** Given material follows **

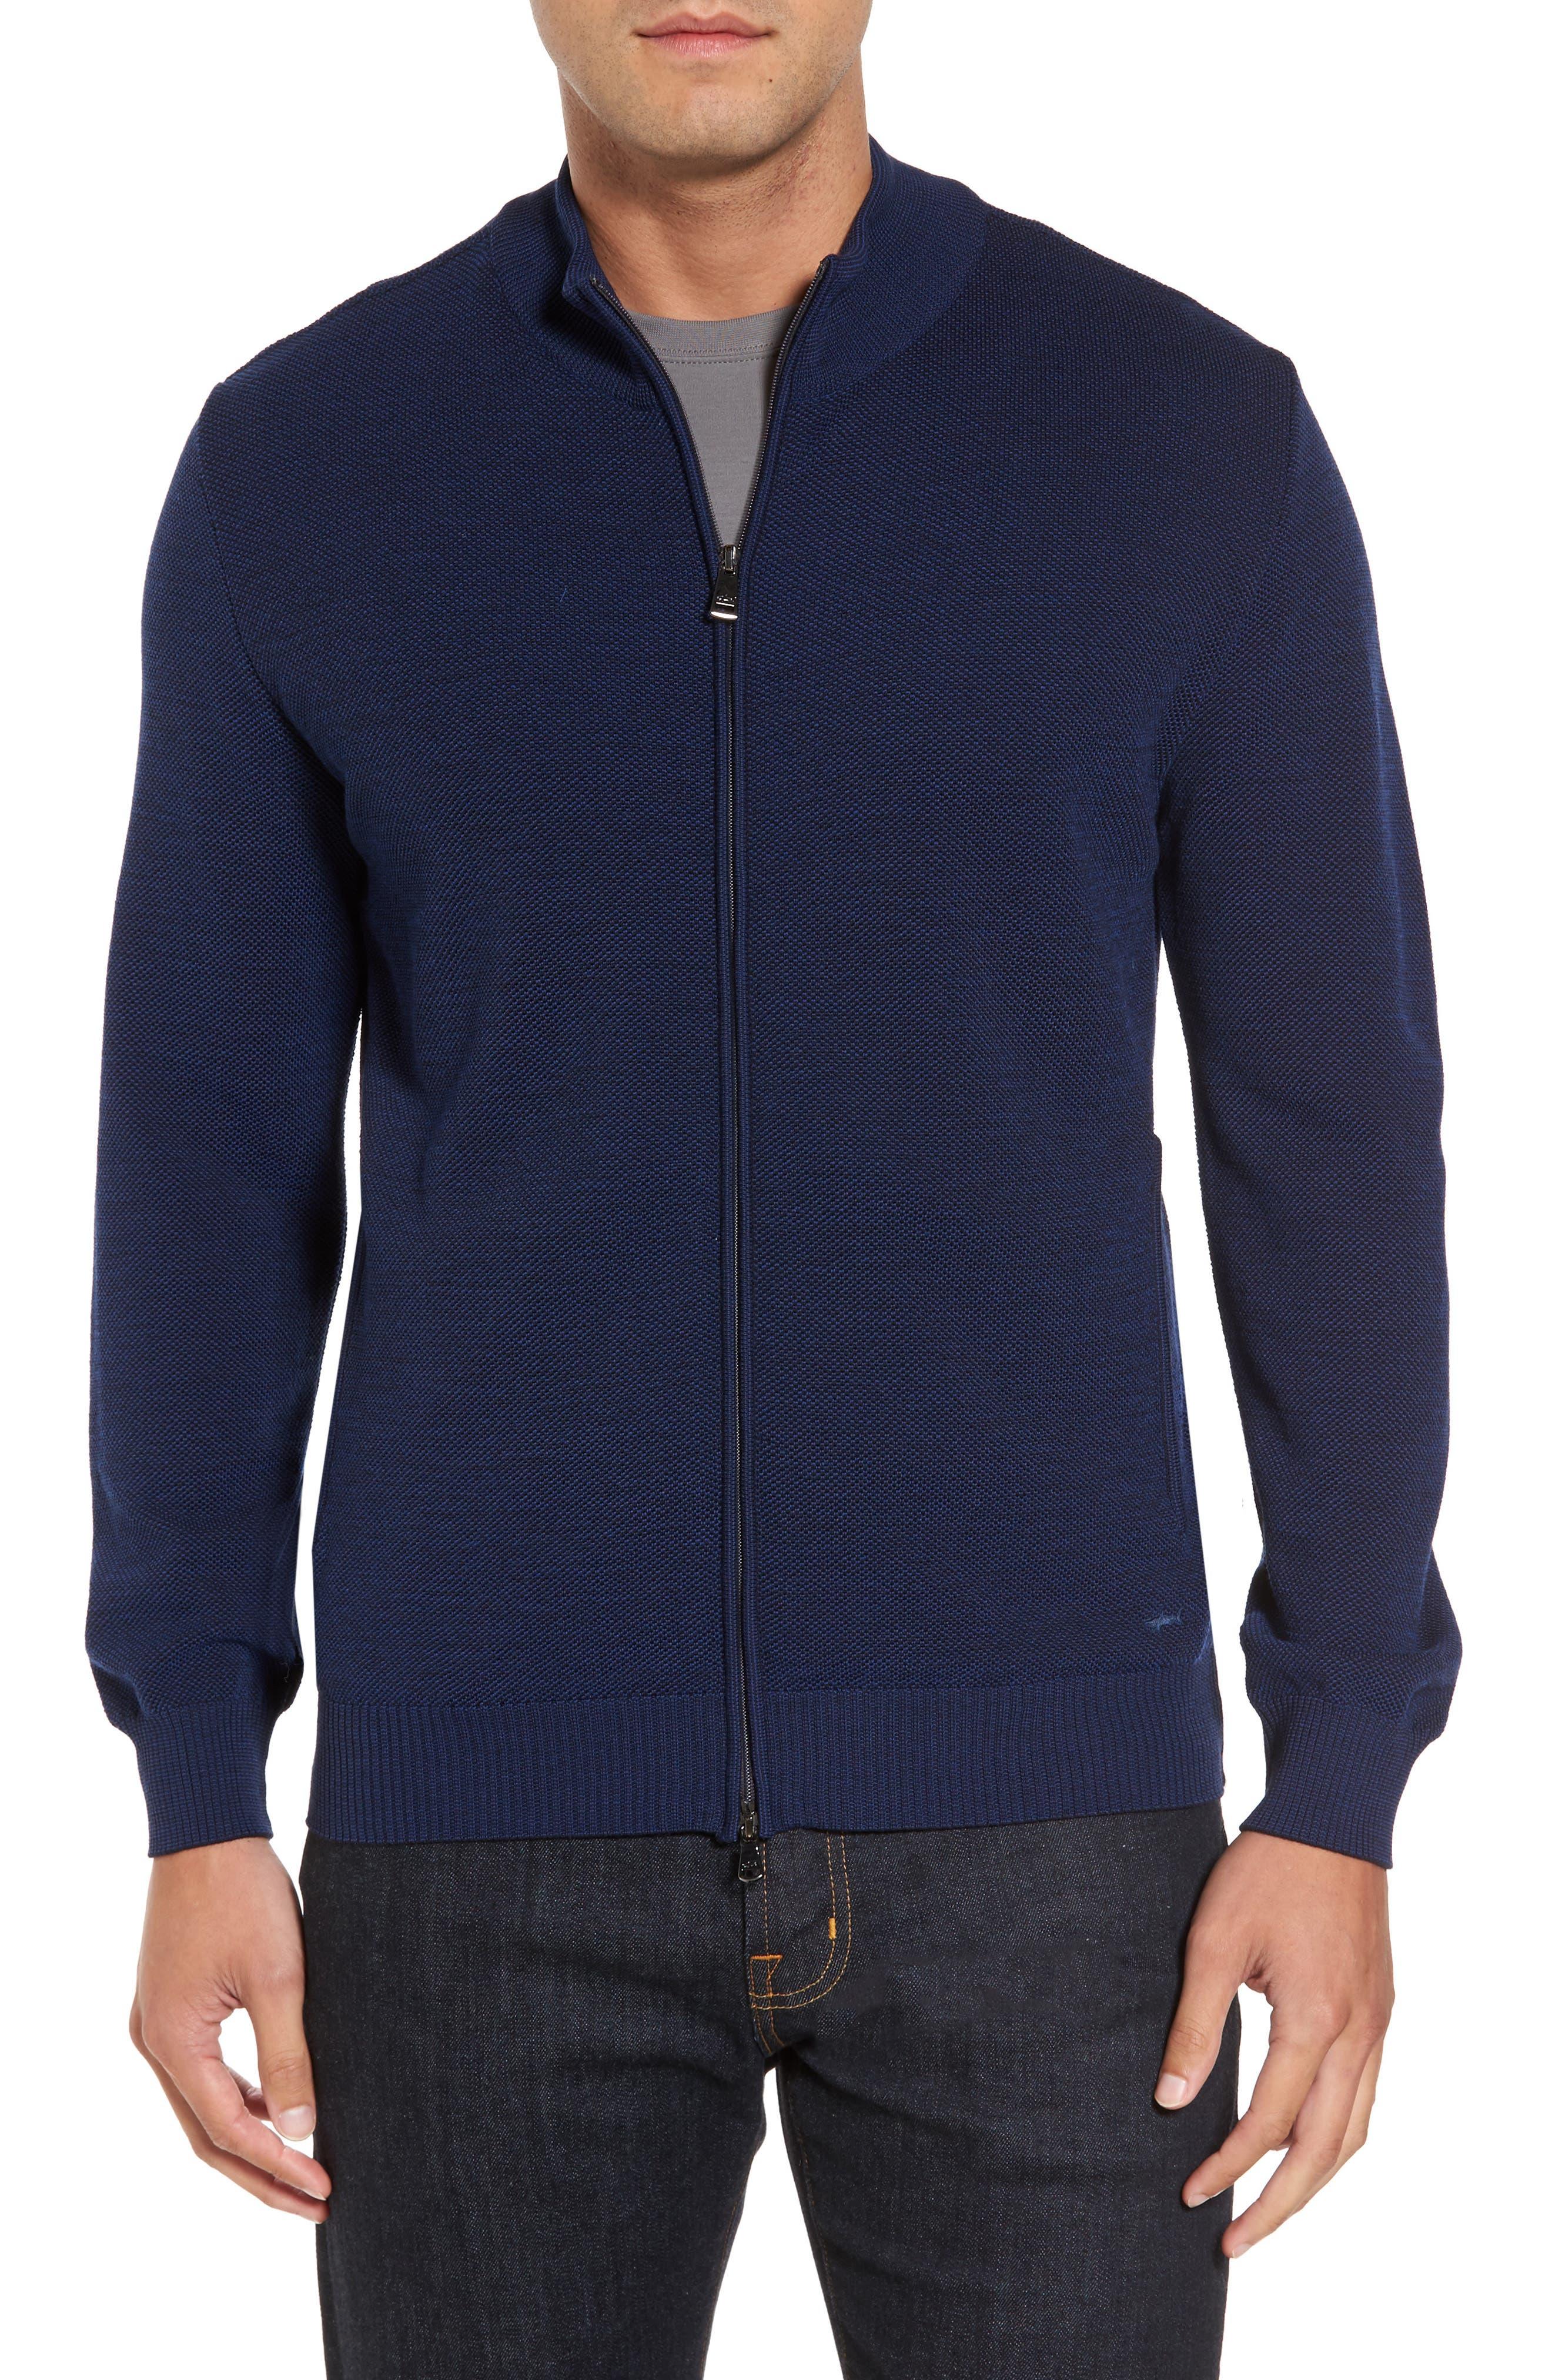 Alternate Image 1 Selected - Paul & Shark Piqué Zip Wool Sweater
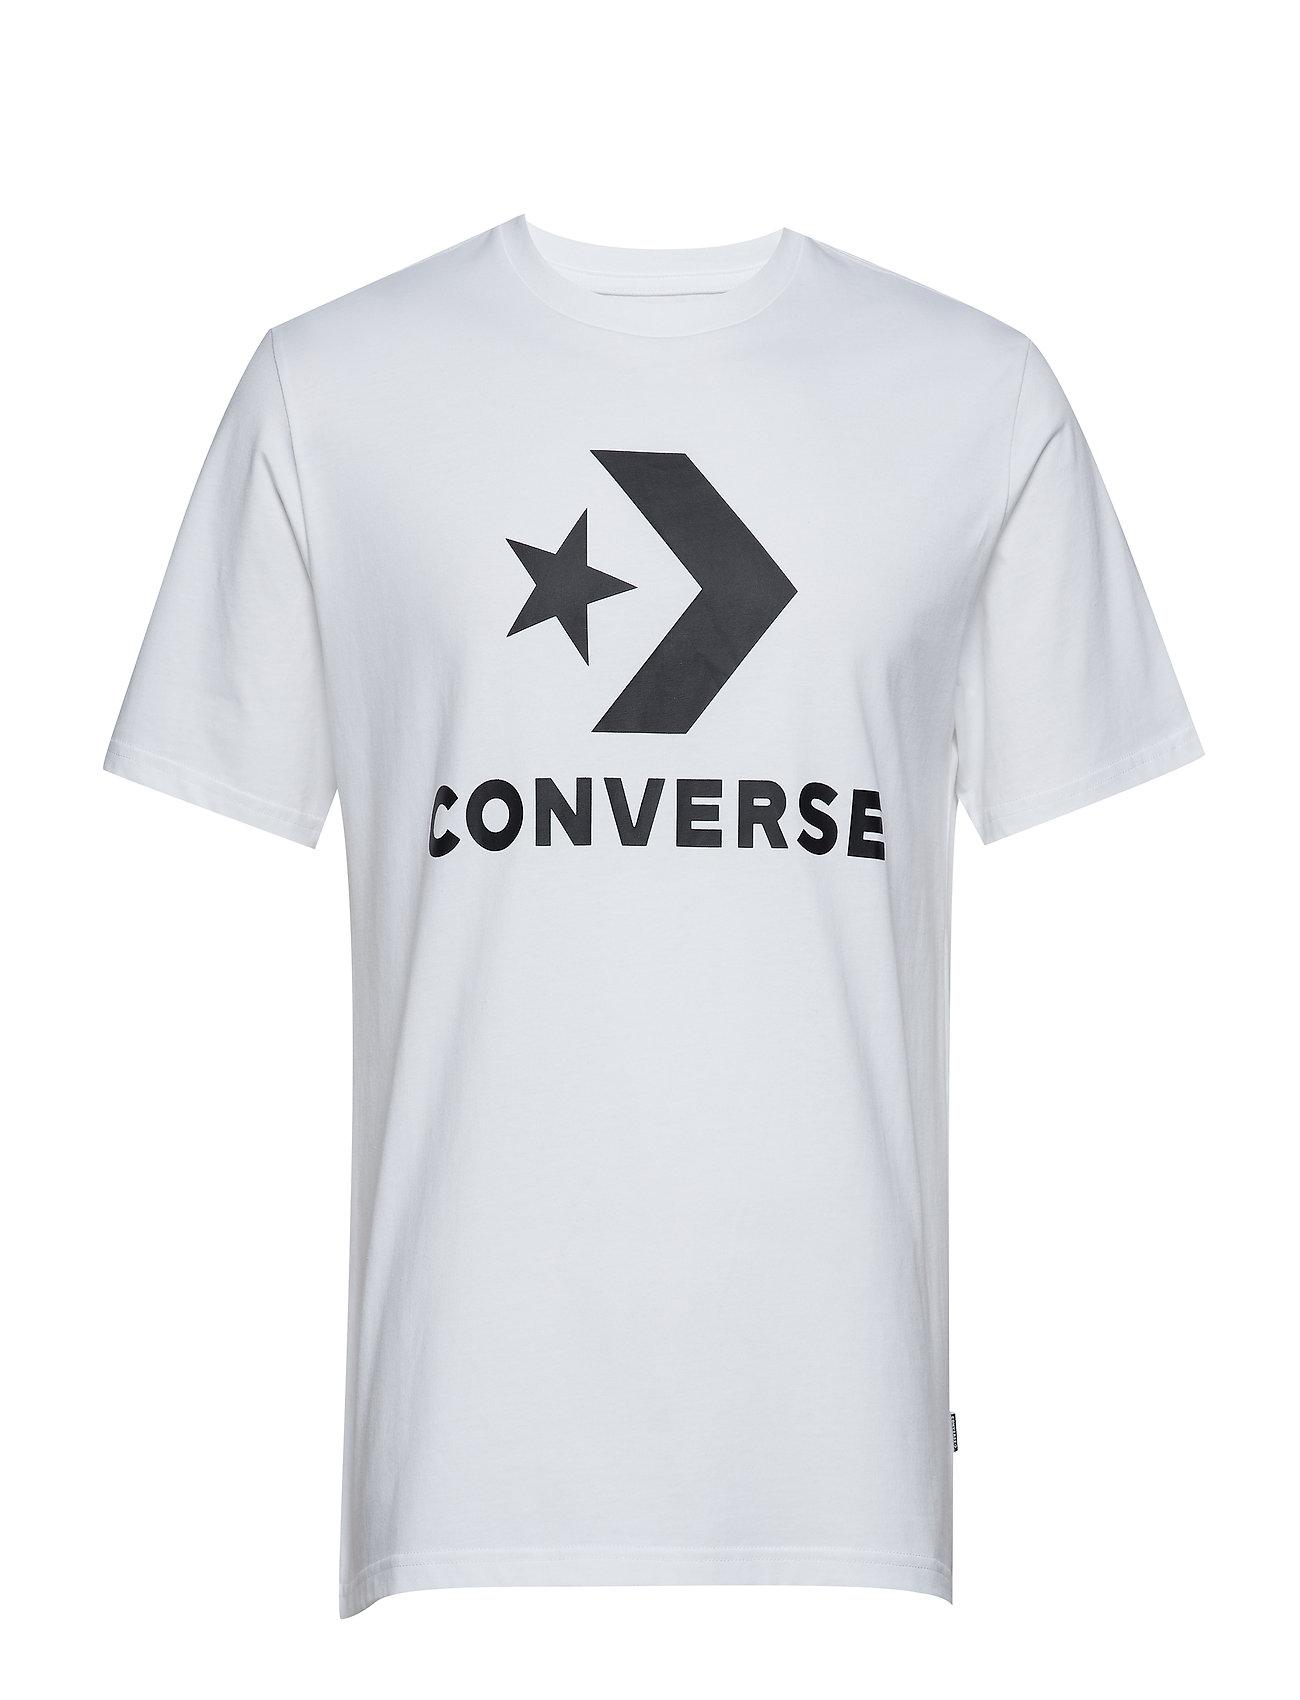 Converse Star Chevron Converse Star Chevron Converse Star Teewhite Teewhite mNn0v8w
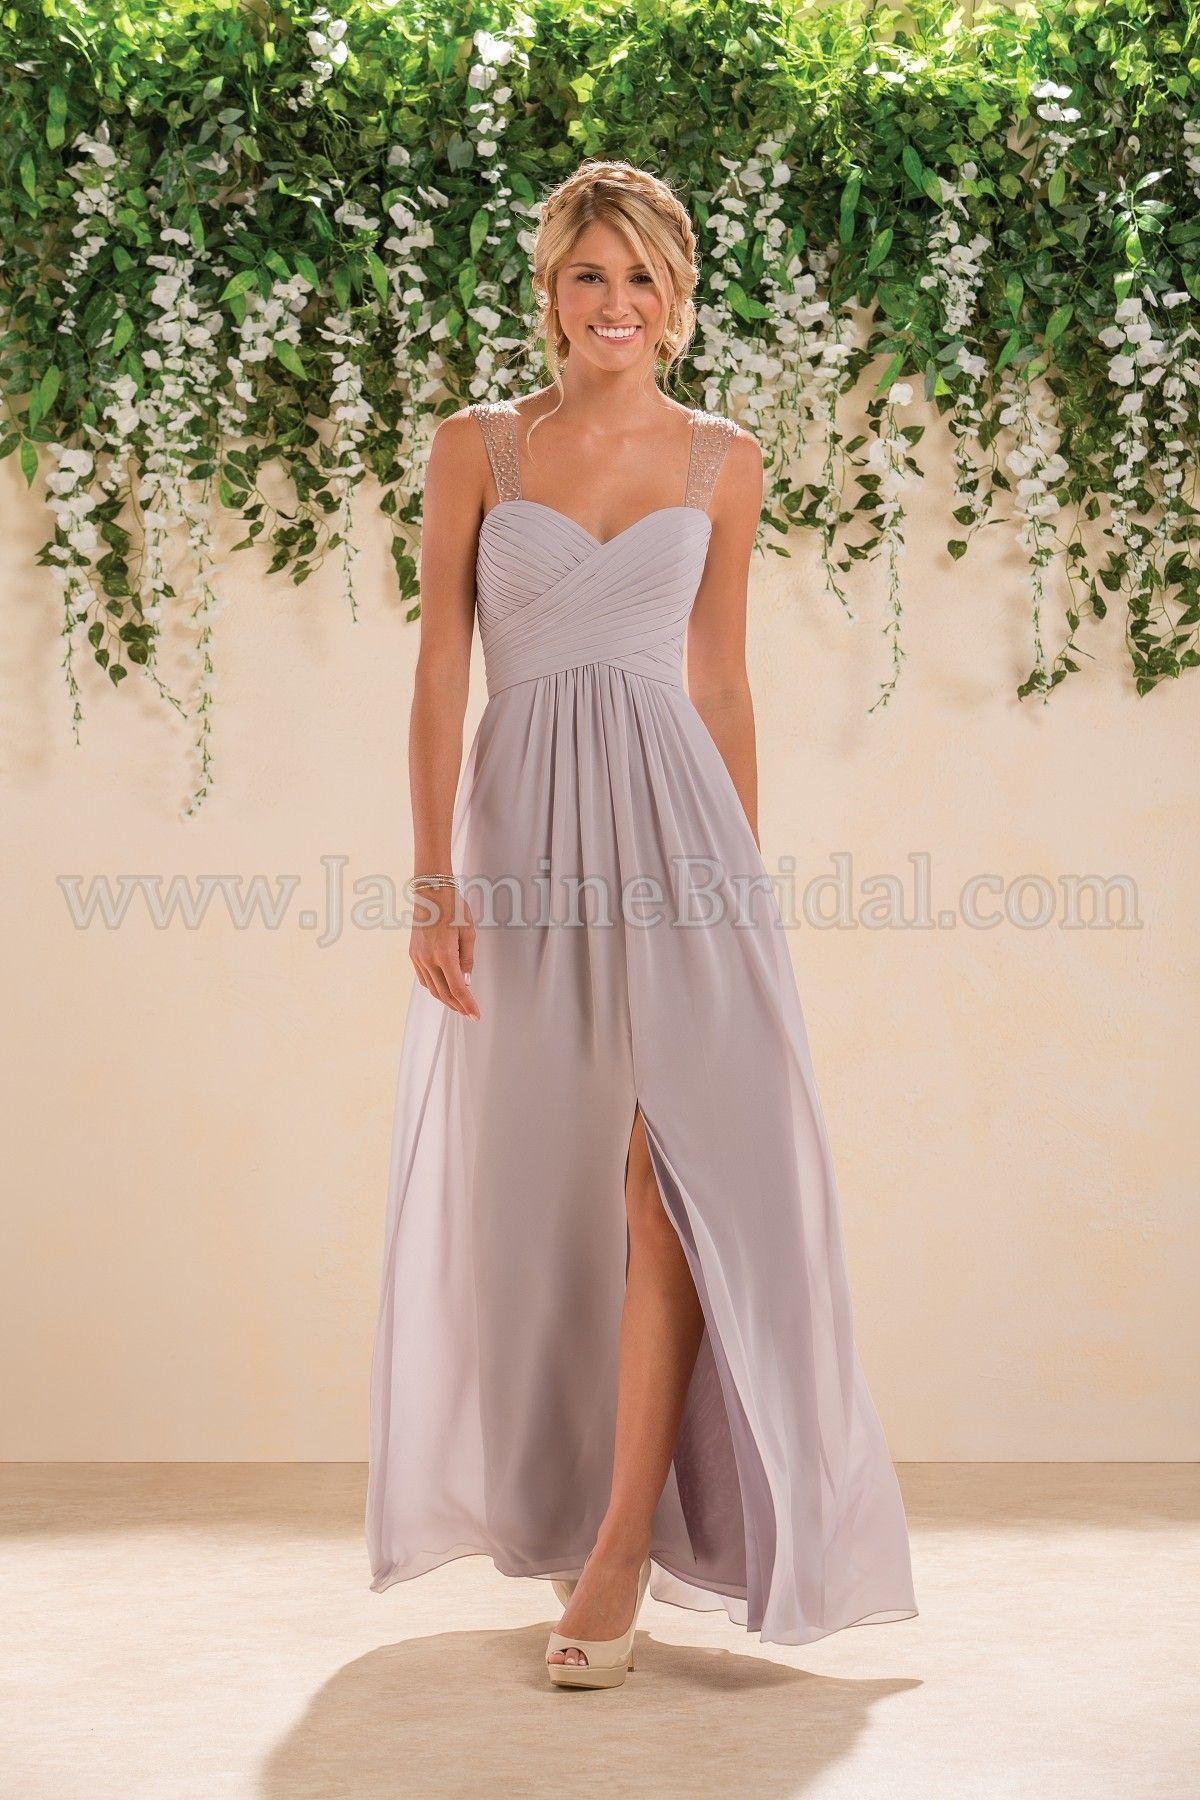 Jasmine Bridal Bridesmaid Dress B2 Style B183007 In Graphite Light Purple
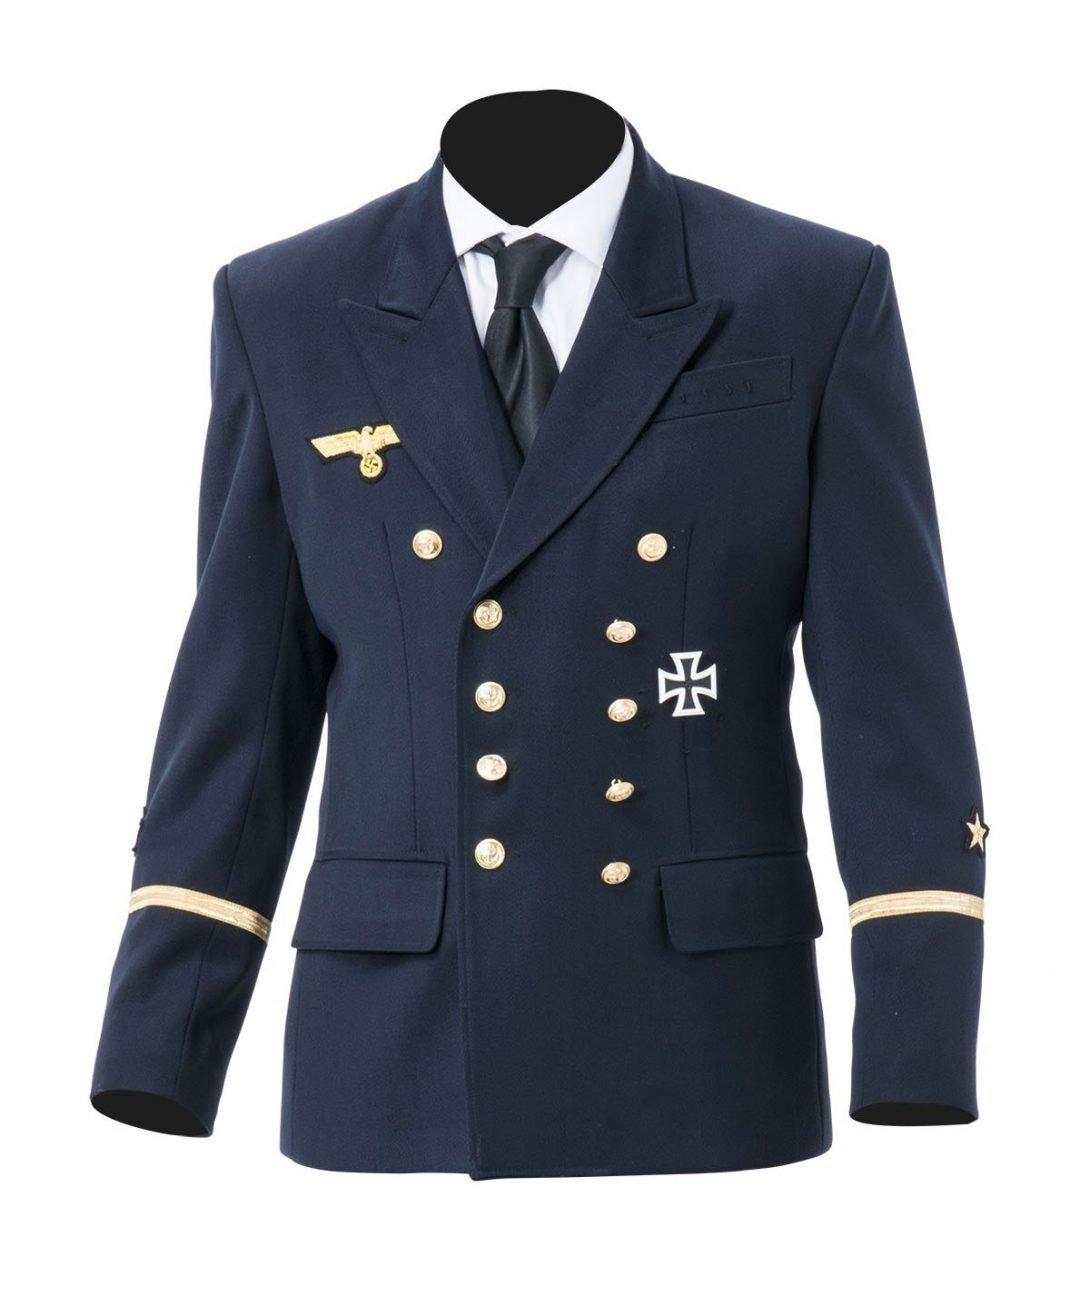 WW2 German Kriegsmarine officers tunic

** End of Given material **

** Work instruction **
Please retype the listing exactly, leaving out any images.

** Task result **
 Alternate Image 1 Selected - Paul & Shark Piqué Zip Wool Sweater
 Converse Star Chevron Converse Star Chevron Converse Star Teewhite Teewhite mNn0v8w
 Jasmine Bridal Bridesmaid Dress B2 Style B183007 In Graphite Light Purple
 WW2 German Kriegsmarine officers tunic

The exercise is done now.